# Cube Average Calculator



## CuberChris (Jul 28, 2009)

I have developed a web based average calculator which you can input your times from your stackmat/other timer and it will calculate your average.

http://chrisss.net/cubeavg/

I made it after getting annoyed with inputting my times into a calculator, this will do it all automatically and make things faster.

I will be updating the average calculator regularly to add new features, if you have any recommendations please leave them here.

(Sorry if this is in the wrong category, I didn't know where to post it.)

CuberChris


----------



## Anthony (Jul 28, 2009)

Not to say that it was a bad idea to make, but this has already been done, many times lol. There are many other "web based average calculators" made specifically for cubing. 

Cubemania.org is a pretty nice one. It times solves for you (or you can input times manually), calculates your average, saves all your averages in different categories, makes a graph to show progression, keeps track of your personal bests, etc.

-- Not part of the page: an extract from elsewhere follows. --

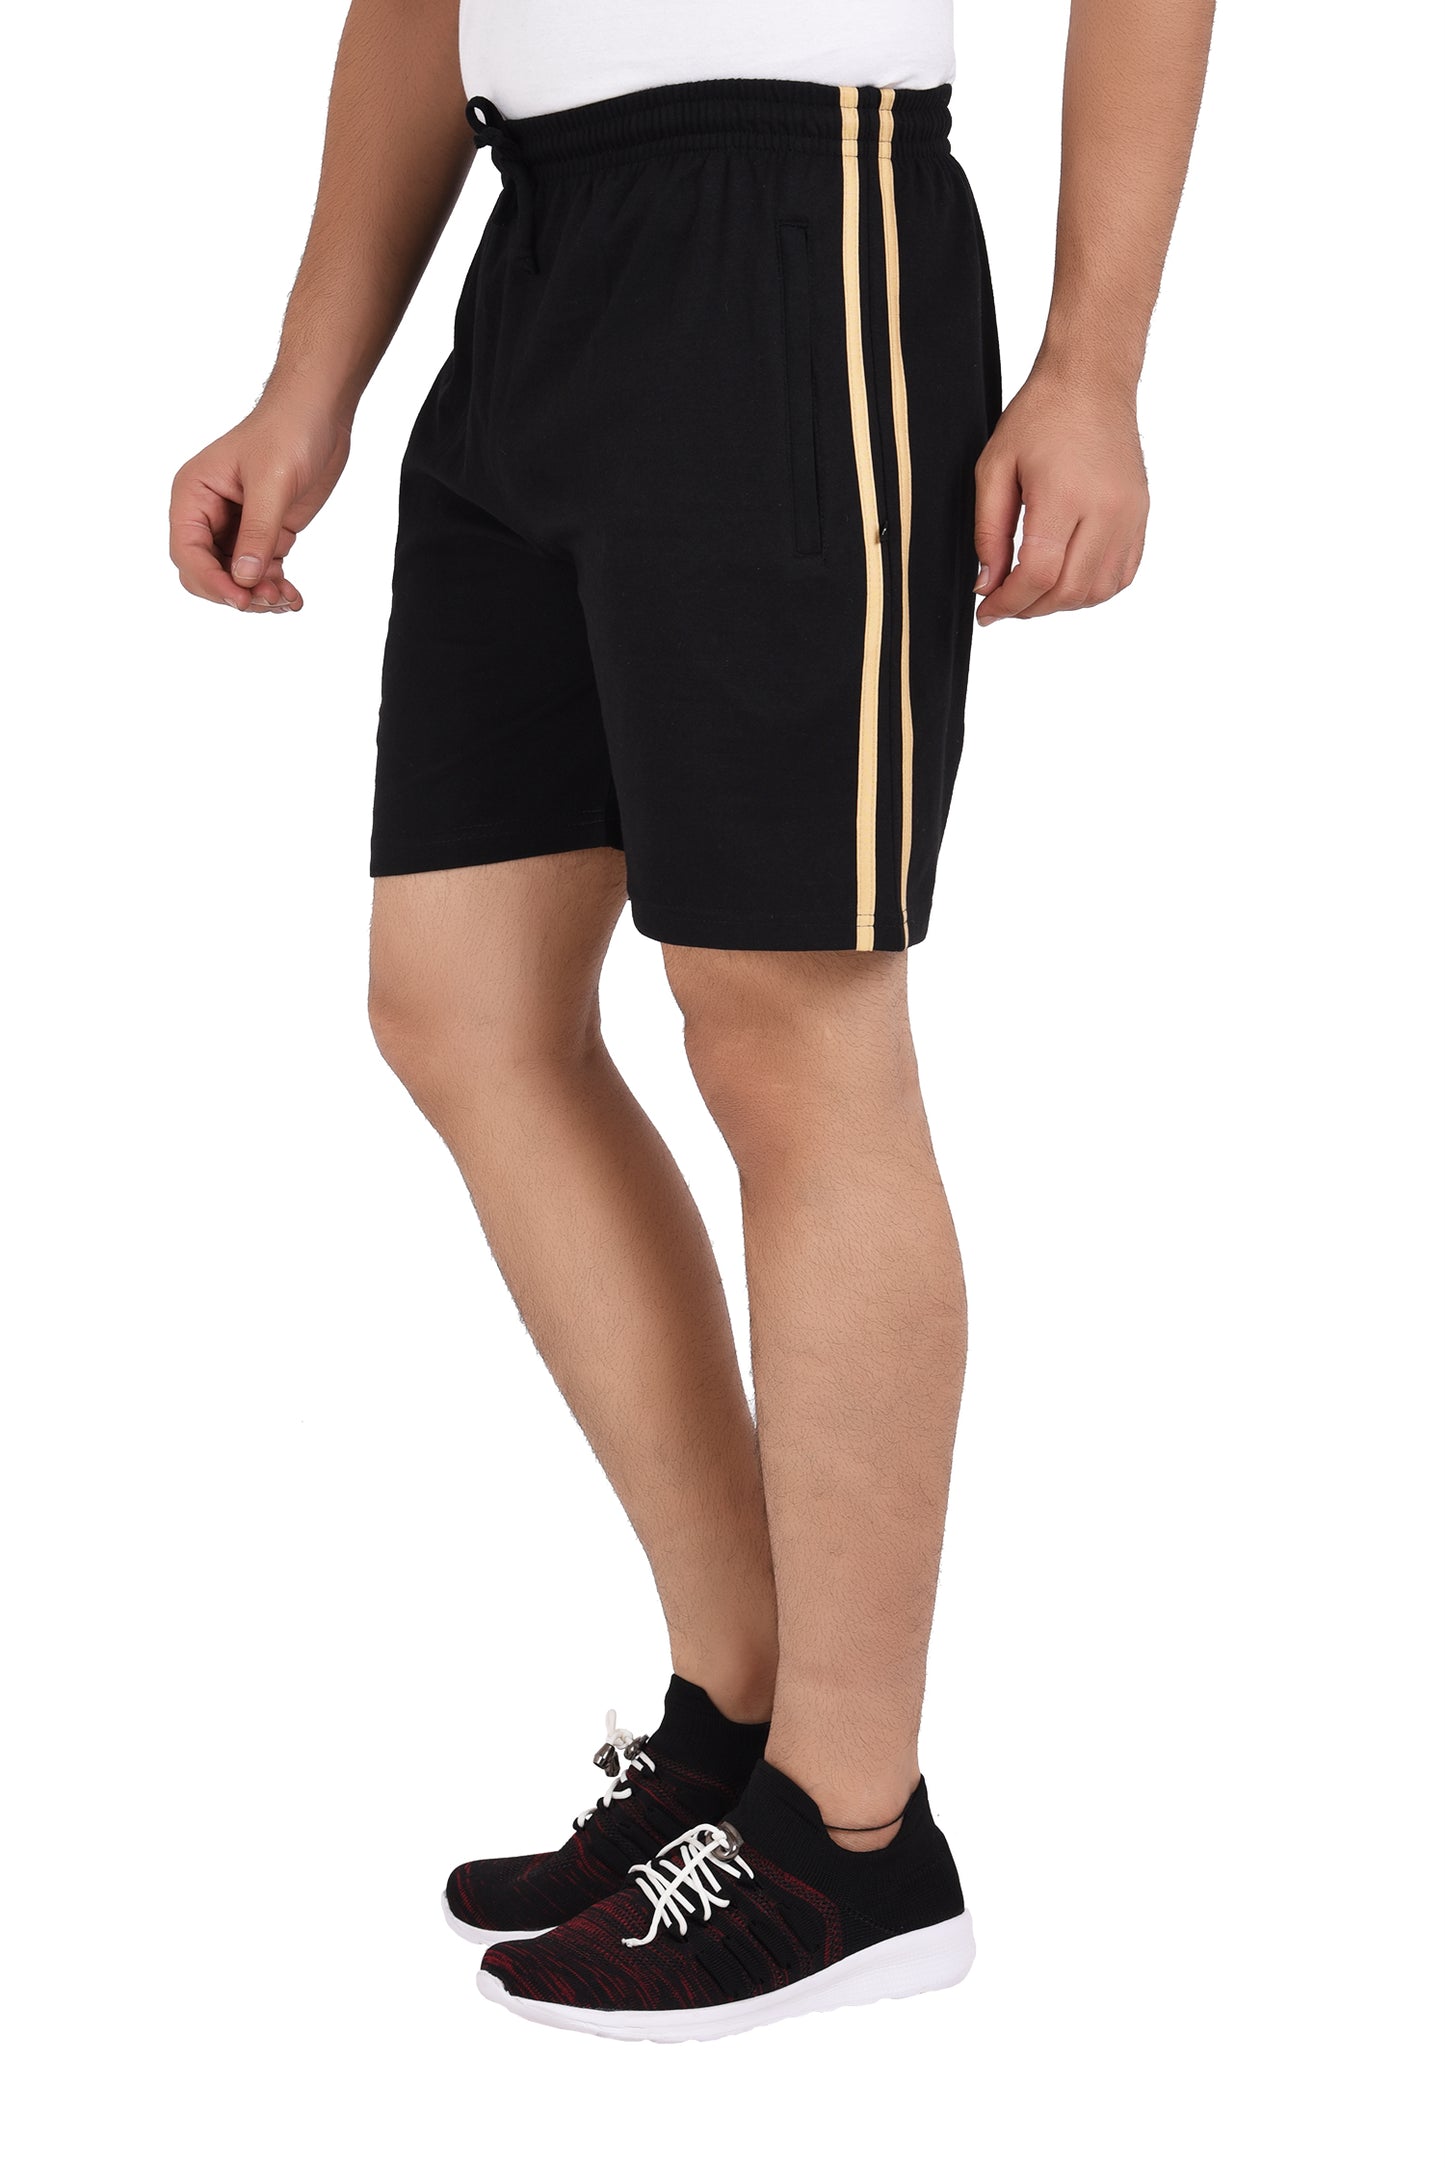 NEO GARMENTS Men’s Cotton Stripped Chain Pockets Long Shorts. | BLACK | SIZES FROM M TO 7XL.

You say you'll be adding new features, try to think of some cool new stuff that would make yours unique.


----------



## rjohnson_8ball (Jul 28, 2009)

I think it might be nice if it could take a pasted list of 12 times such as:
41.25 44.57, 49.55, 33.89, 43.32, 38.60, 52.22, 49.98, 45.83, 43.34, 39.21 55.32
Then replace commas with space, then use the spaces to delimit each time, then toss out the fastest and slowest, then average the remaining 10 times.


----------



## Lucas Garron (Jul 28, 2009)

Please make sure that you know the difference between "mean" and "average" in a cubing context.
Other than that, it's pretty decent (I like that it treats blank as 0). I would prefer it horizontally centered, though, and it would be nice if adding a new time highlighted the appropriate field.


----------



## Johannes91 (Jul 28, 2009)

One <textarea> for input would be much better. A comma-separated list or one time per line are common formats, and parsing that is really easy.

Display more statistics than just the mean. Best averages of 5 and 12 after removing the best and worst times, overall average, etc..


----------



## PCwizCube (Jul 28, 2009)

If you have a stackmat timer just connect it to CCT and it'll automatically input the times! 

Program looks nice though.


----------



## Anthony (Jul 28, 2009)

Rubik's Cube Fan said:


> If you have a stackmat timer just connect it to CCT and it'll automatically input the times!



I wish it was that easy. ><

You wouldn't believe how many different things I've tried to get that to work..


----------